**Instructions for the task**
Start at the line that contains "Hot Pink One" in the listing below and extract every line through the last, exactly; leave pictures out.

**Input data**
□ □ □ □ □ □ □
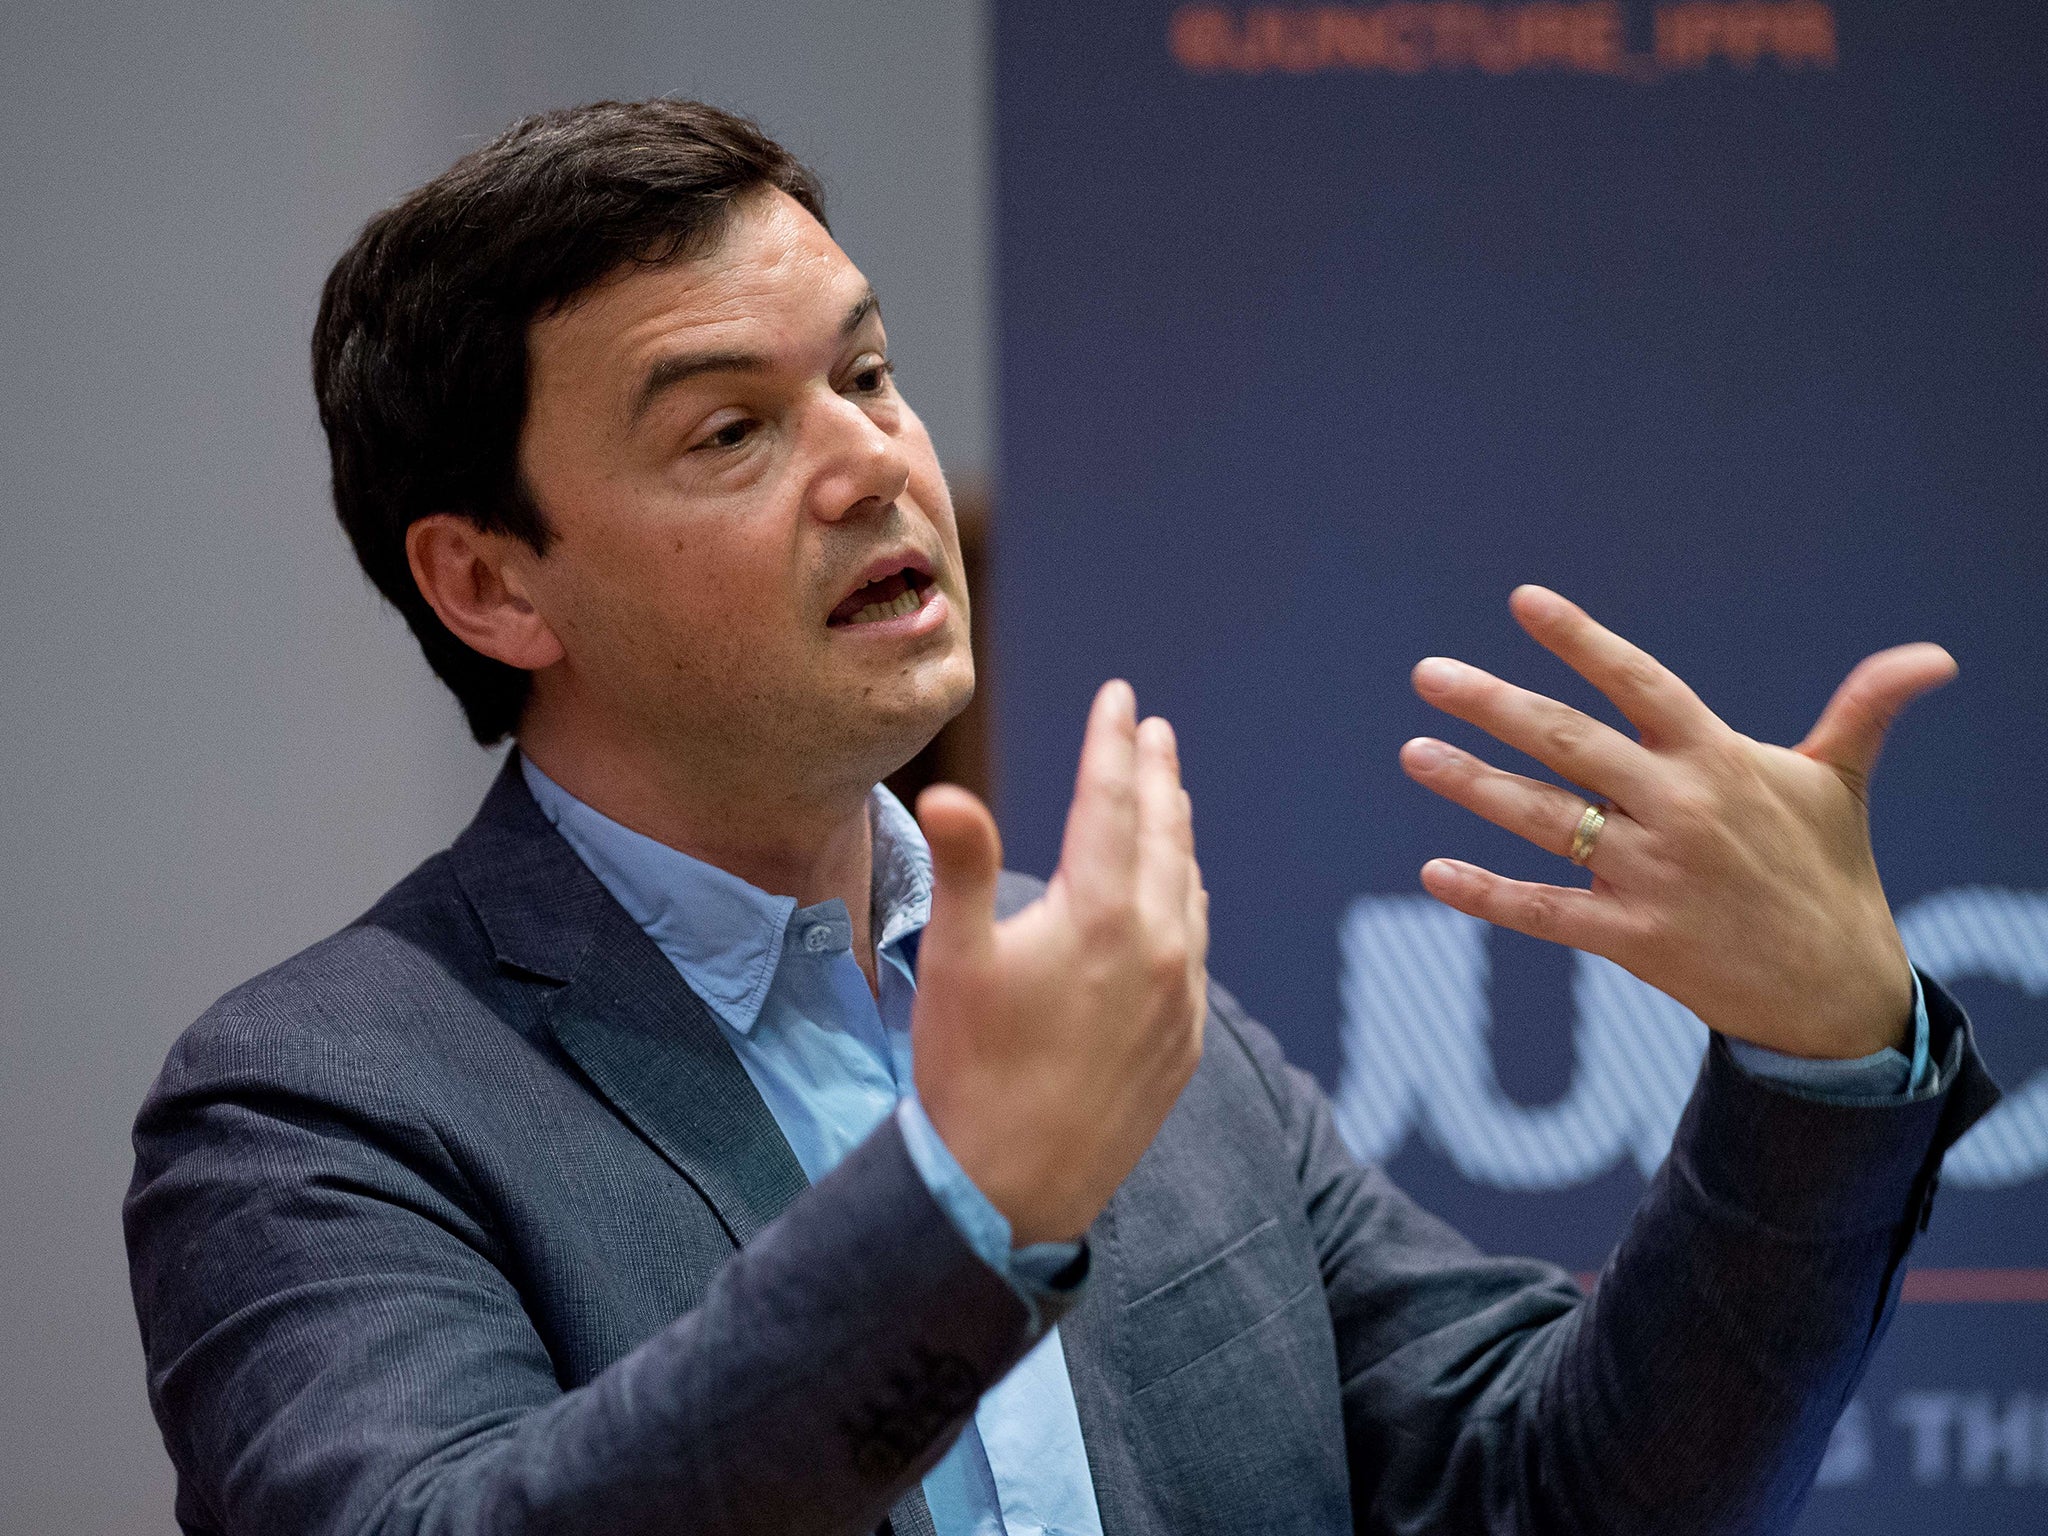 Thomas Piketty, the economist and best-selling author
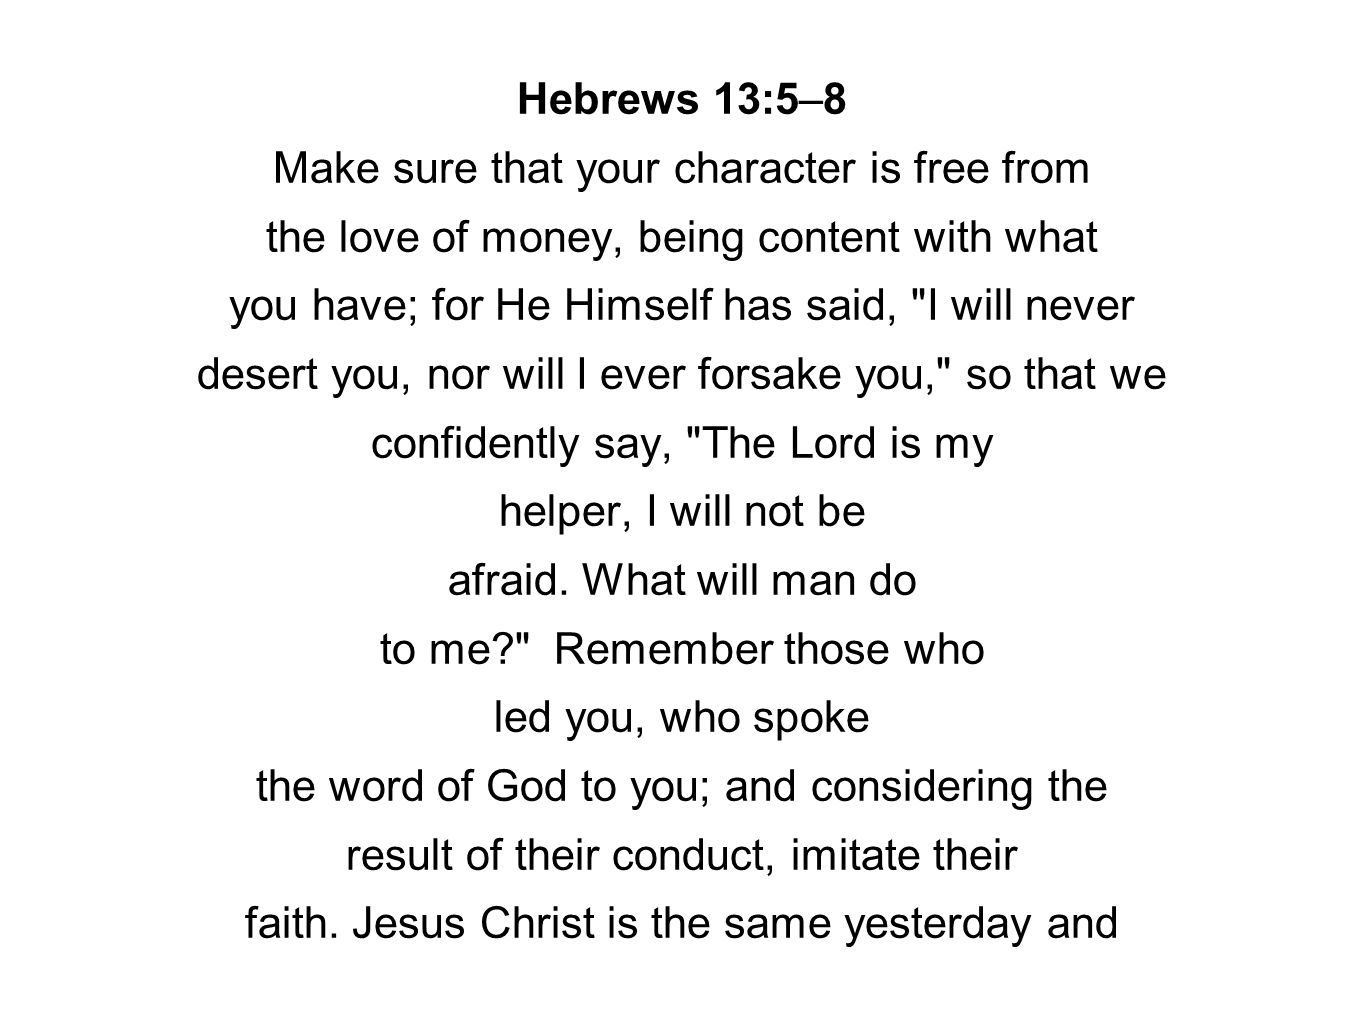 Hebrews 13:5–8 Make sure that your character is free from the love of money, being content with what you have; for He Himself has said, I will never desert you, nor will I ever forsake you, so that we confidently say, The Lord is my helper, I will not be afraid.
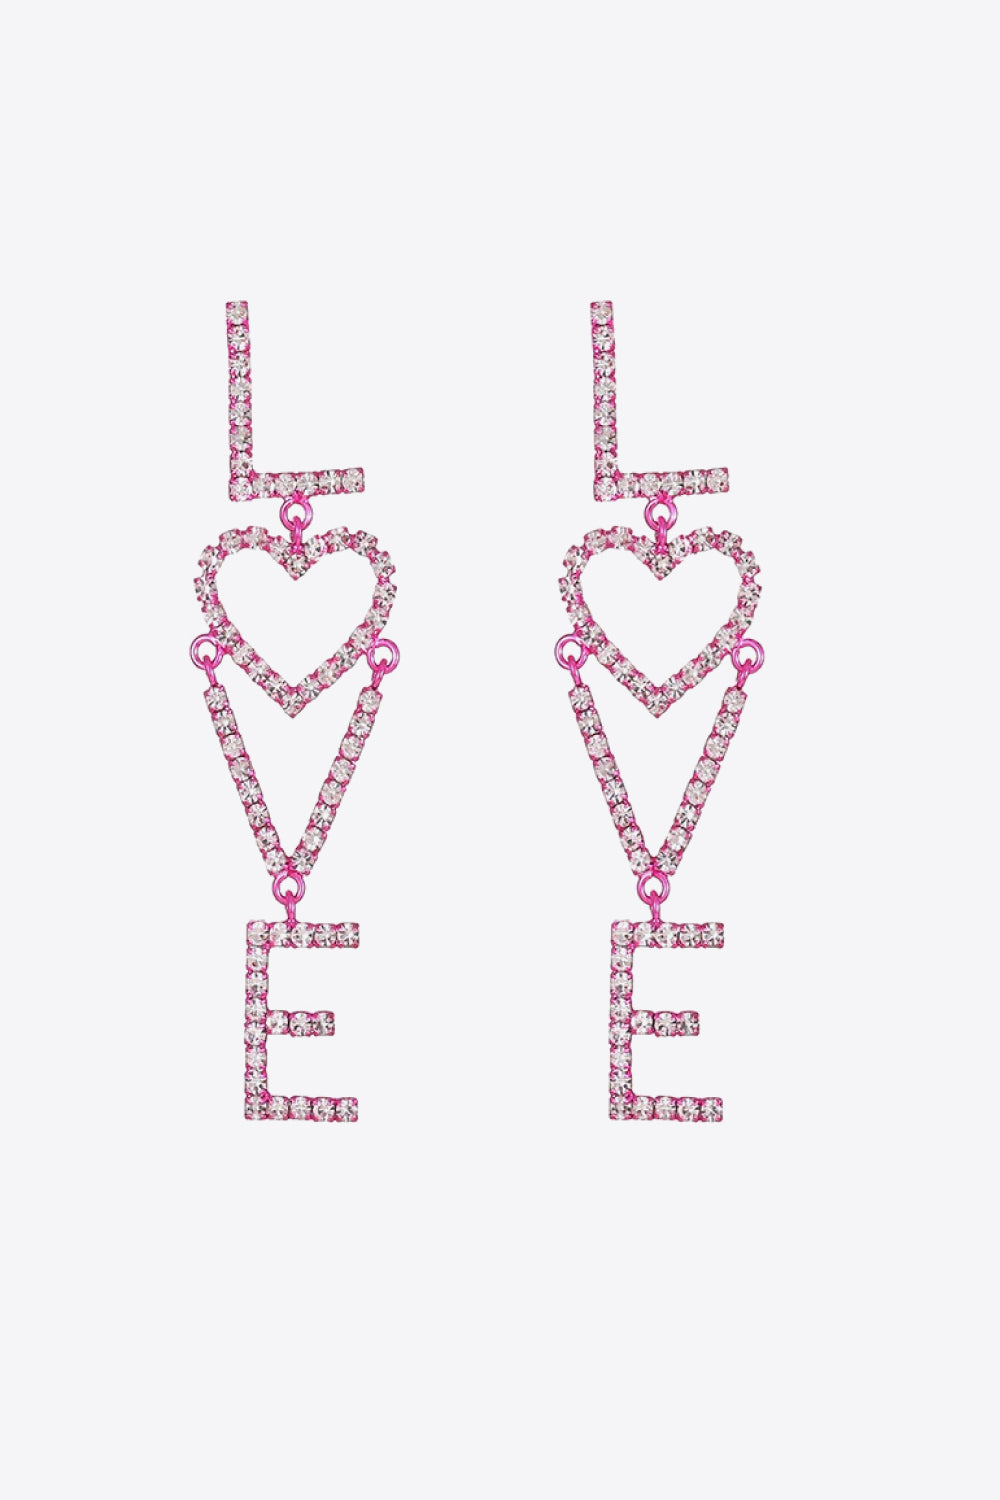 Hot Pink One Size - LOVE Glass Stone Zinc Alloy Earrings - 2 styles - earrings at TFC&H Co.
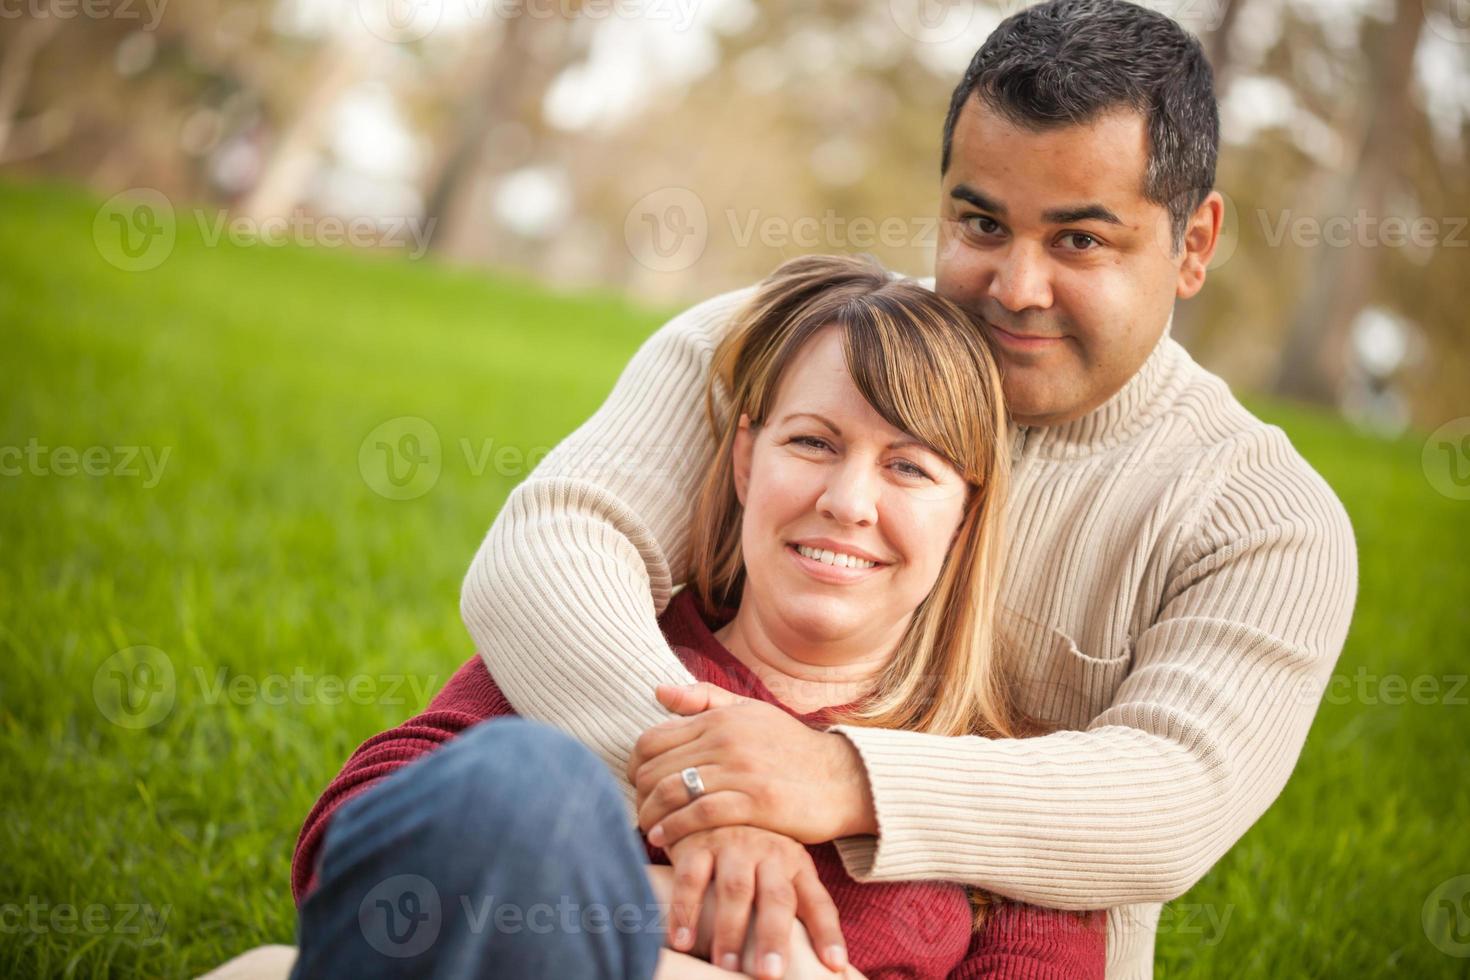 Attractive Mixed Race Couple Portrait in the Park photo
□ □ □ □ □ □ □
**Answer**
 Hot Pink One Size - LOVE Glass Stone Zinc Alloy Earrings - 2 styles - earrings at TFC&H Co.
 Attractive Mixed Race Couple Portrait in the Park photo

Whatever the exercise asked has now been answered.